The McKinsey Global Institute study Open Data: Unlocking Innovation and Performance with Liquid Information estimated that $4 trillion in annual economic potential could be unlocked globally through increased efficiency, development of new products and services, and consumer service. Recent UK estimates put the overall economic value of open government data in the UK at $3.7 billion and, when a measure of societal value is included, at between $12.9 billion and $14 billion. The potential value in the US has been estimated at $1.5 trillion and in 2008, the use and re-use of spatial information was estimated to add $1.1 billion in productivity-related benefits to New Zealand's economy. The potential impact of releasing open data in Canada was estimated in 2014 to be in the vicinity of $134 billion.
It has been estimated that the annual economic potential of globally unlocking Big Data could be in the vicinity of $4 trillion per annum.

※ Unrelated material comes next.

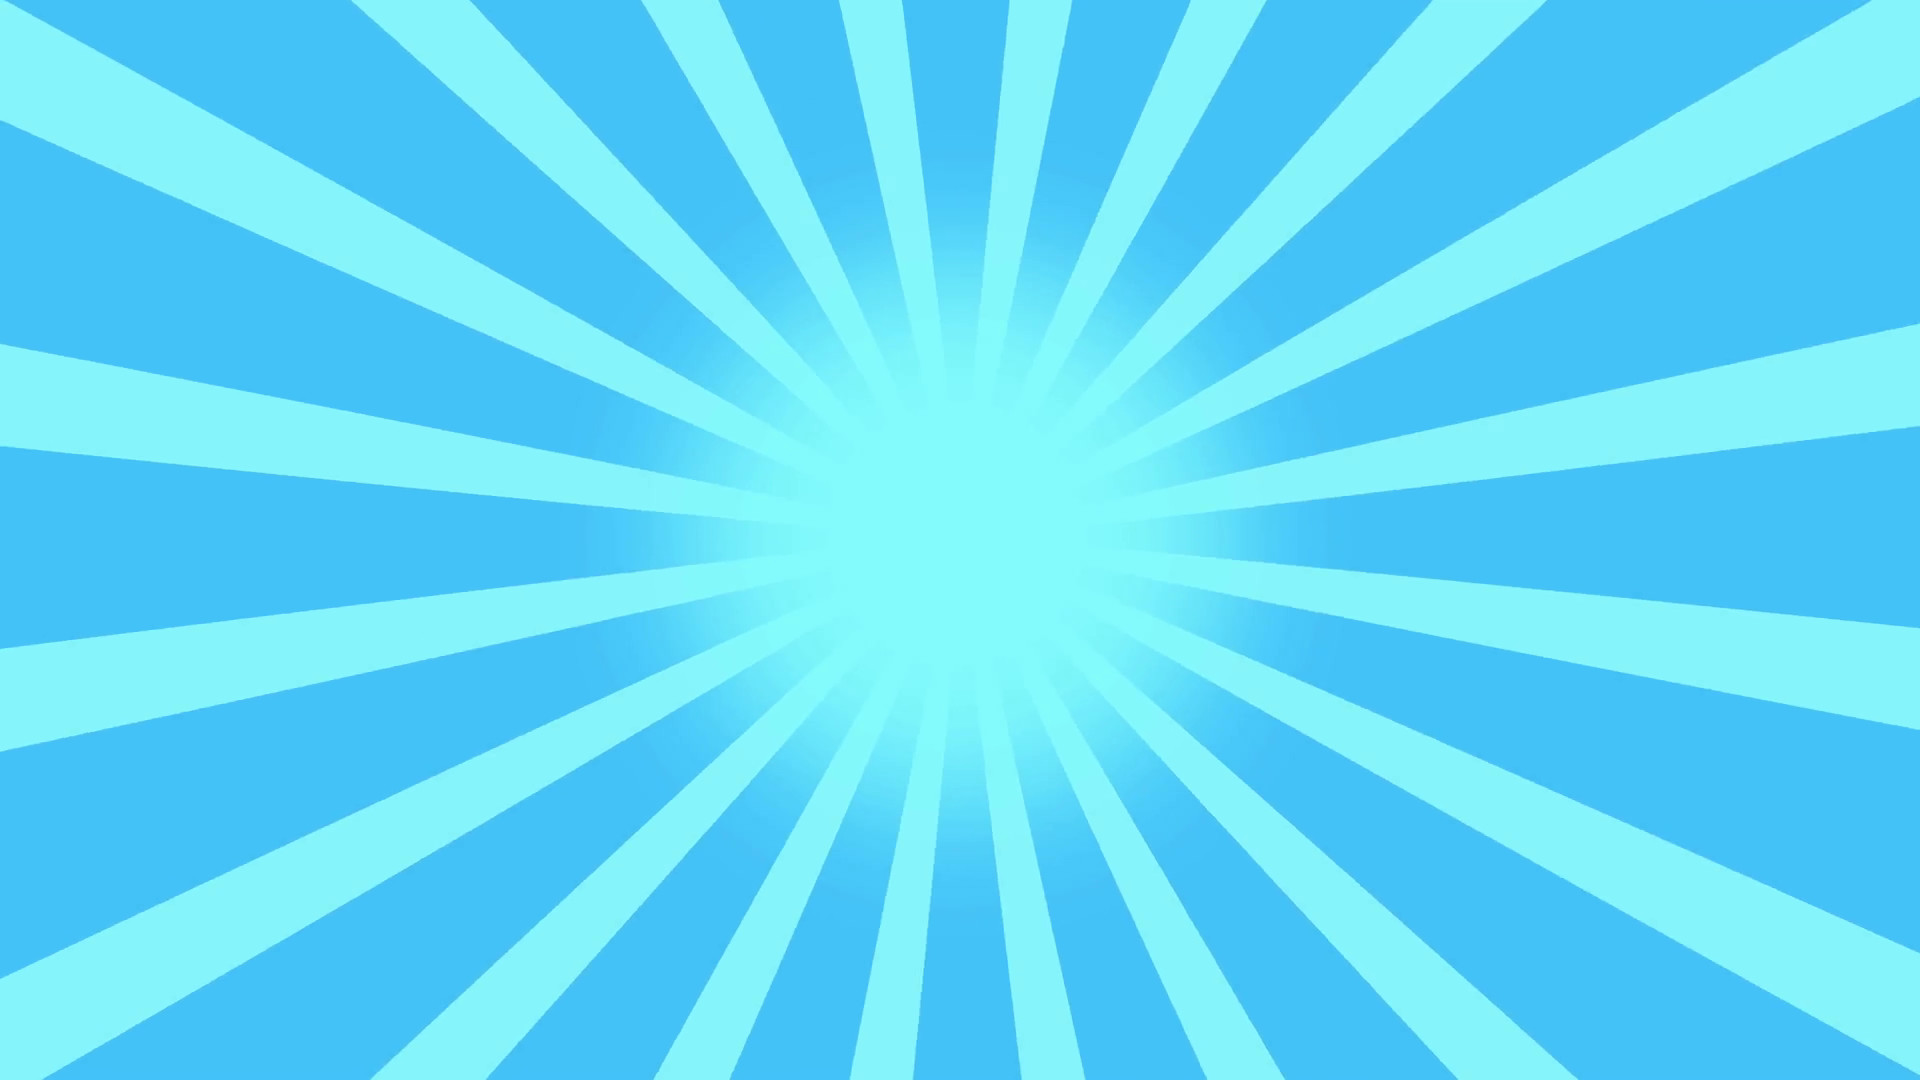 1920x1080 Blue Burst vector background. Cartoon sun light over Blue sky Background  with space for your logo or title, Nice sunburst vintage style sun - Retro  Pattern. ...

The Bureau, broadly speaking, saw the direct benefits of unlocking government data as revolving around the development of new and customised products and services for business, government and for the community, as well as enhanced job creation and improved tax revenues.
Indirect benefits were considered to include "more engaged and empowered citizens and improved government services". The Bureau cited as an example the US Government's Blue Button initiative, which provides millions of Americans with online access to their own health information. The benefits of doing so are plain, once the previous paperwork-dominated process is considered, under which individuals had to contact multiple parties including health insurance companies, hospitals, clinics, pharmacies and/or laboratories, in order to access their health information.
The Bureau of Communications Research has identified direct benefits of unlocking government data as including the development of new and customised products, and indirect benefits in the form of streamlining government services.
Bureau Report philosophy
The philosophy underlying the Bureau's report is that information, which can be costly to acquire, drives innovation and informed choice, which in turn produces benefits in terms of improved productivity and efficiency. According to the report, economic theory suggests that government "has a responsibility" to provide information and data that bring together broader societal benefits, such as empowering and engaging citizens and communities, improving the efficiency of markets and encouraging competition and innovation.
Bureau Report data segments
The Bureau's report segments data into three categories – raw or basic data, incremental or value-added data, and commercial data.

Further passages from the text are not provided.